• [Problem details]: At the line containing "Solution:7.2755875 as a fraction is 924/127", begin an exact copy of the lines below and continue through the final one, with no pictures.

• [Dataset section]:
········

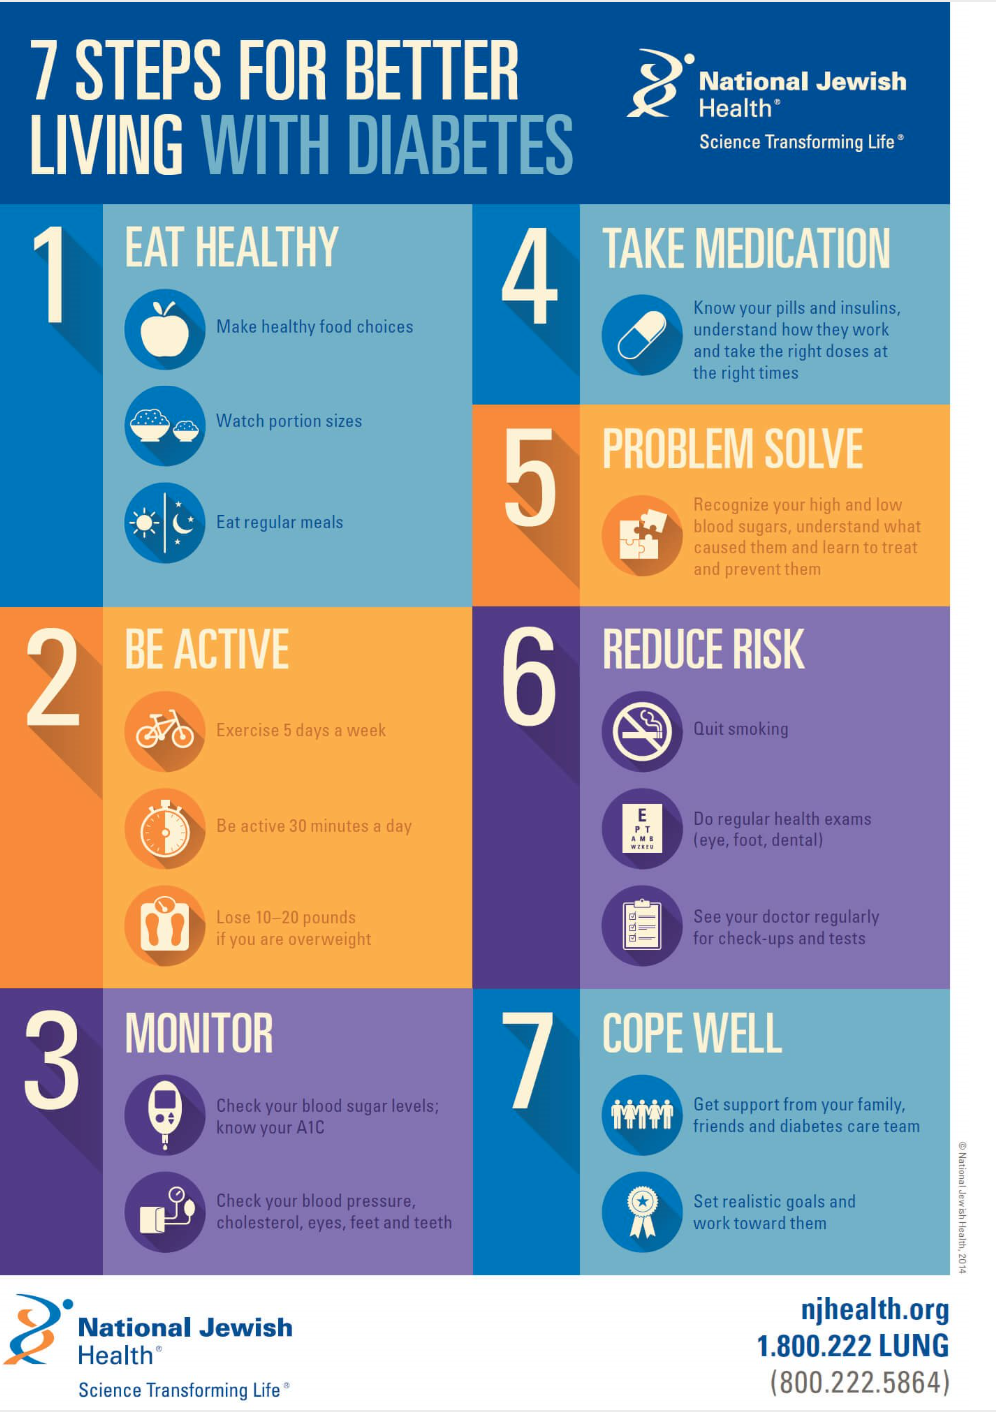 Steps for effective self-care in diabetes
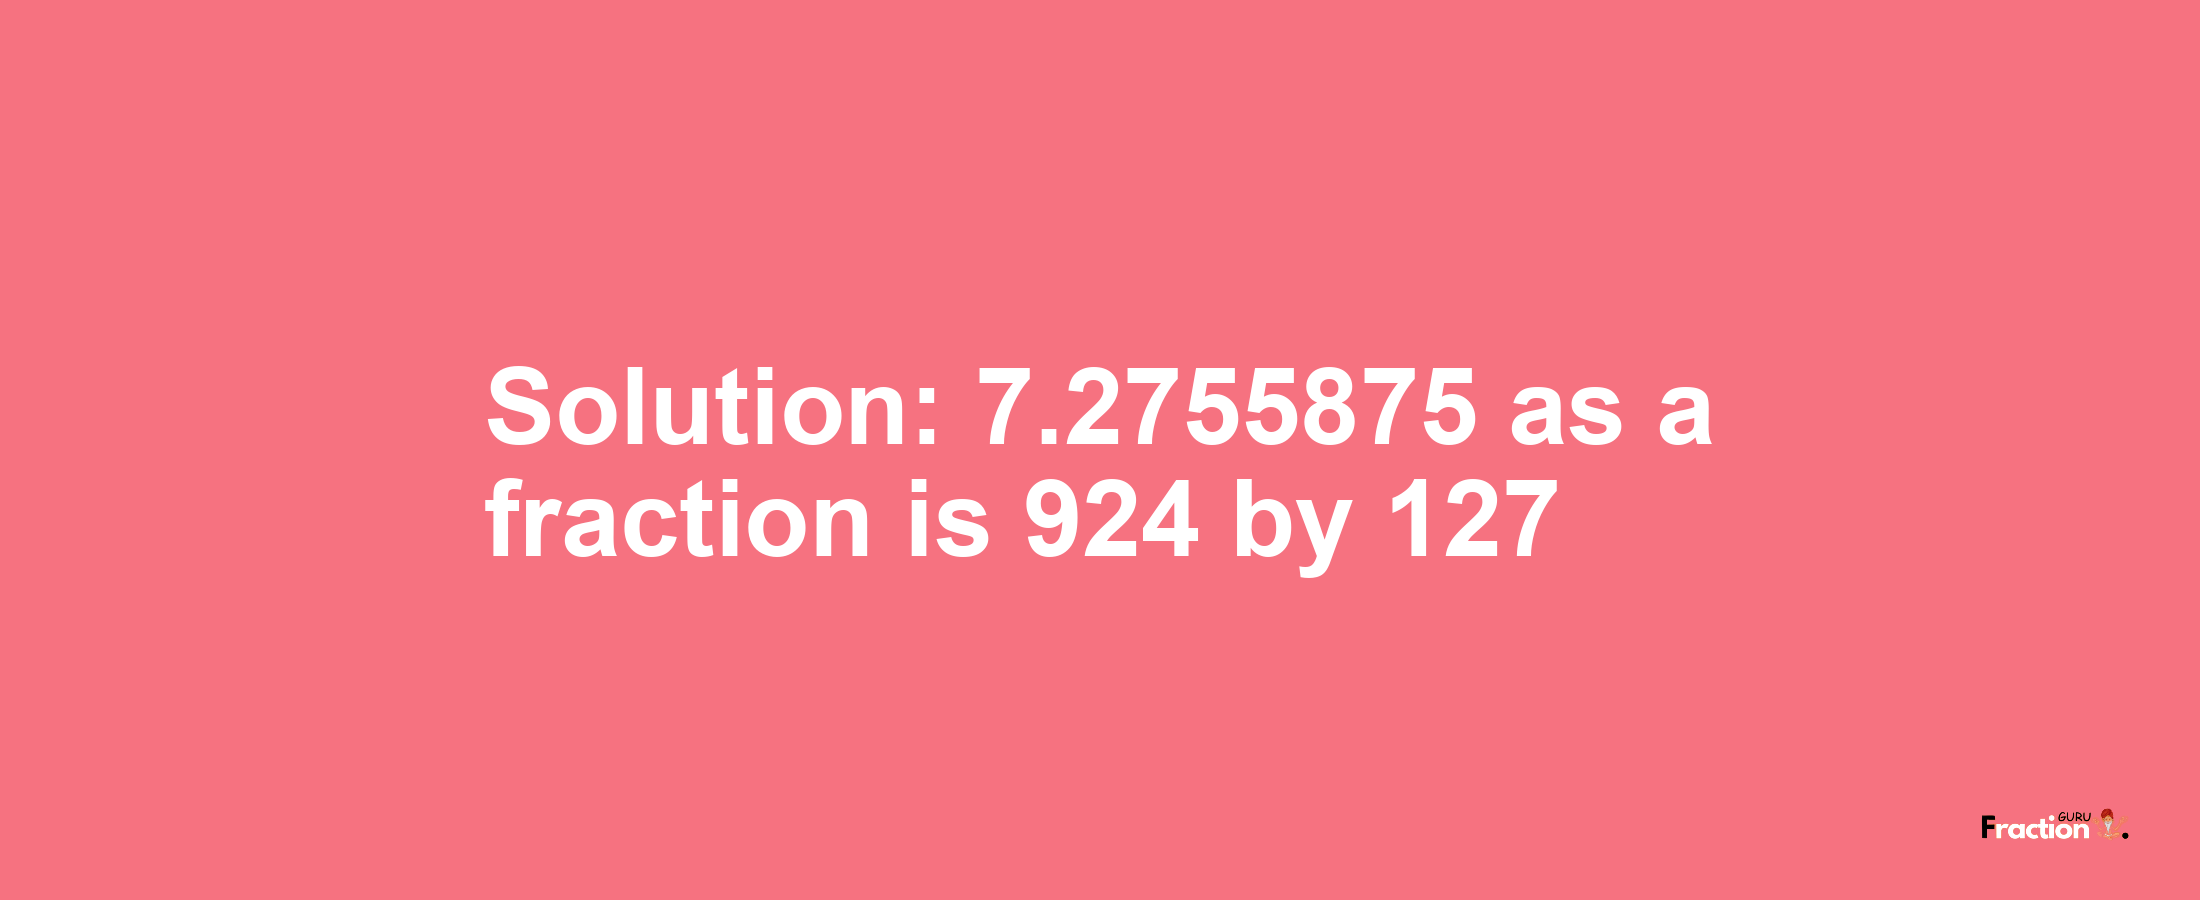 Solution:7.2755875 as a fraction is 924/127
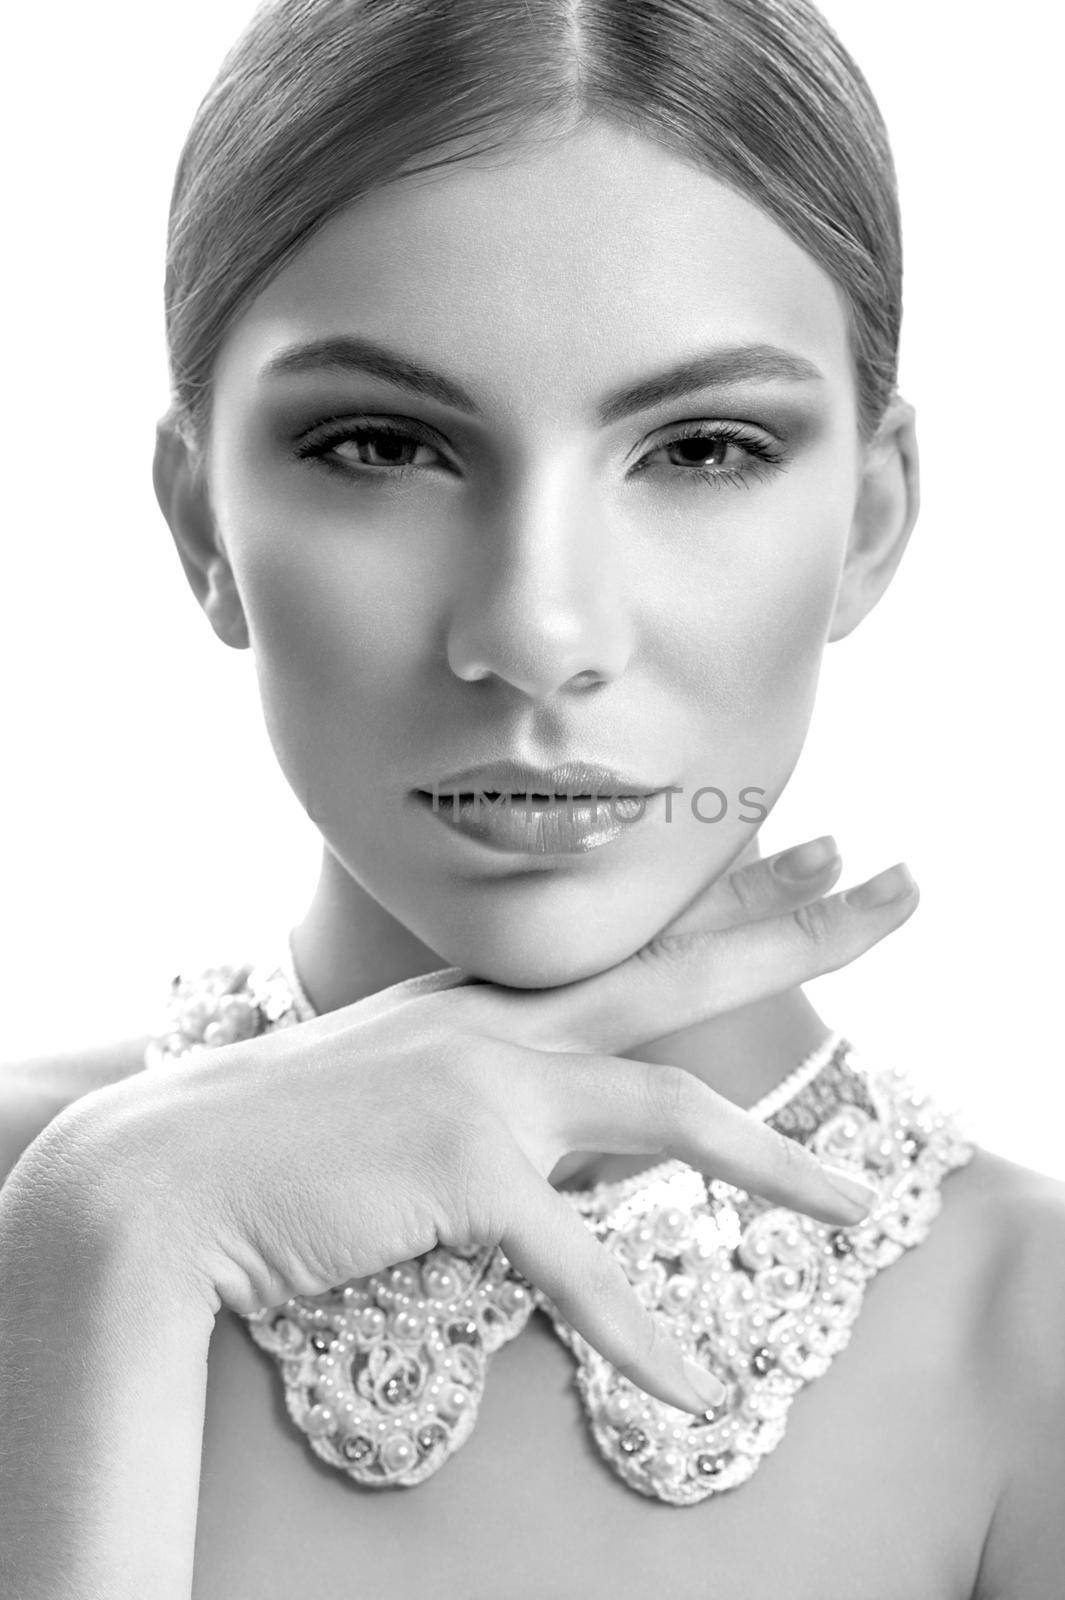 Old fashioned beauty. Monochrome vertical close up portrait of a gorgeous sexy young woman posing confidently with her hand to her chin wearing lacey collar necklace chin fashion style concept
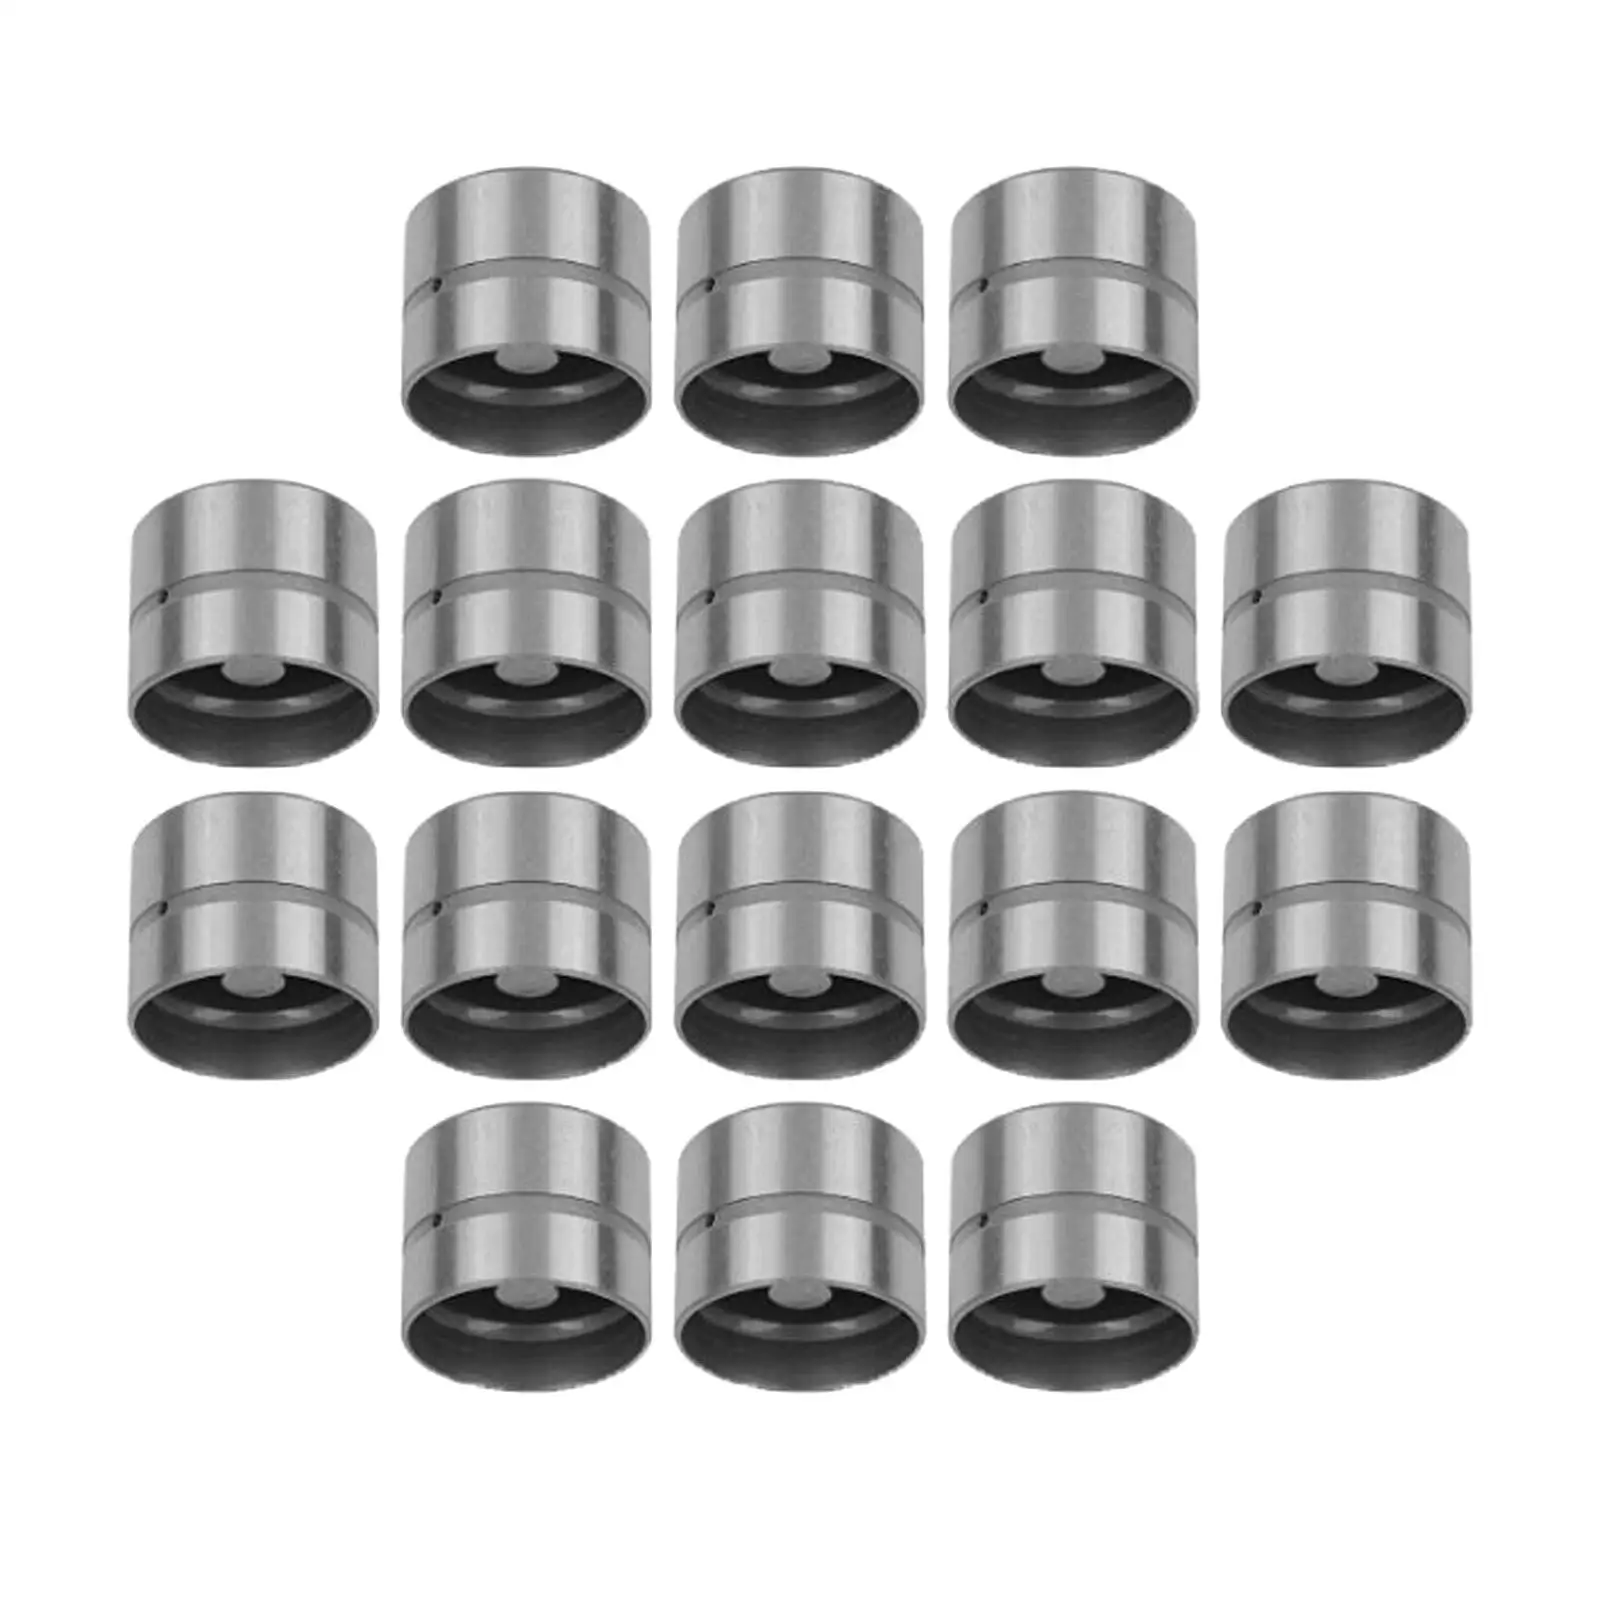 

Set of 16 Hydraulic Tappets Replaces 420011810 for C16XE Z14XE Z16XE Z18XE X30XE Professional High Performance

········

• [Answer to this problem]:
 Solution:7.2755875 as a fraction is 924/127
 Old fashioned beauty. Monochrome vertical close up portrait of a gorgeous sexy young woman posing confidently with her hand to her chin wearing lacey collar necklace chin fashion style concept

Set of 16 Hydraulic Tappets Replaces 420011810 for C16XE Z14XE Z16XE Z18XE X30XE Professional High Performance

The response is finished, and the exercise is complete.